Wednesday, February 1, 2012

doctors vs. car salesmen

firstly, my little brother's surgeries both went well and he's already out of the hospital.  prayers that he will be pain free soon!  the time spent at the hospital was anxiety-inducing for me, of course, and i'm now sick as a dog.  i got home after monday's surgery and spent all night long lying on the bathroom floor/hugging the toilet.  i don't know if it's stress related or if i picked up a bug at the hospital.  either way i'm down and out! 

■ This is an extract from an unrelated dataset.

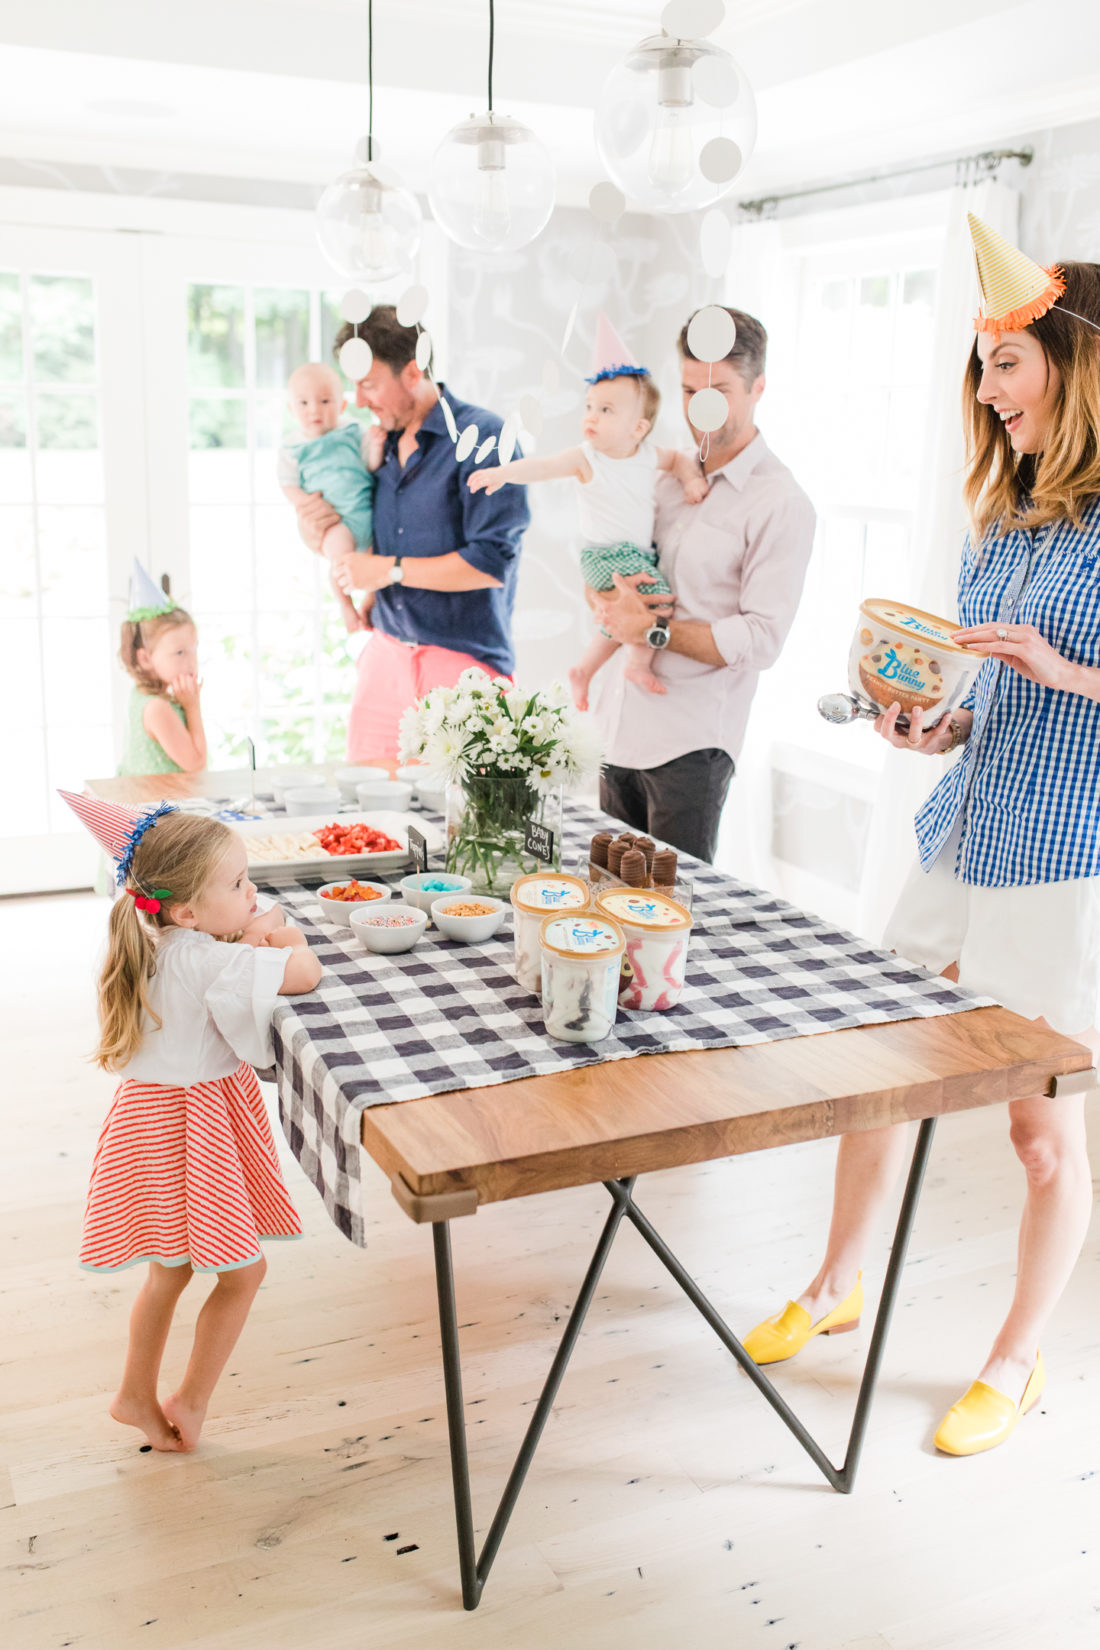 Eva Amurri Martino, her husband, children, and friends gather to celebrate a festive ice cream social with blue bunny ice cream

none of the anxiety there equalled the panic i felt on saturday when i accompanied my mother to test-drive a car at the nissan dealership where i bought my post-flood car.  5 weeks after the flood i spent an agonizing day buying a car i didn't want (only because my pre-flood car was paid for and in great shape--i like my new car) and i was having to replace it along with EVERYTHING else.  i rode with her for one test-drive then left to eat lunch and visit with a friend.  on my way back to nashville i stopped by to see the car she decided to buy and was struck with severe panic over the thought of having to step foot into the loan manager's office where i signed all my final papers.  i couldn't go in with her instead i sat in the show-room looking crazy both because of my attempt to calm myself with slow, loud, yoga breathing and also my occasional elvis sing-along to the weekly saturday elvis special on the radio (this is tennessee after all!)

upon seeing her car and leaving the dealership i had to pull my nissan over into the mcdonald's parking lot to calm my panic attack before i could get on the interstate for the 50 mile drive home.  it was awful.  since i had gotten a haircut while in dickson i was itchy from both the anxiety and the hair-covered sweatshirt i was wearing so i jumped in the shower when i got home and stood under the HOT water until my skin was lobster-red and i could breathe evenly.  it seems that though my panic attacks are less frequent they are much more intense when they come.  perhaps not a good trade-off.  i can't tell.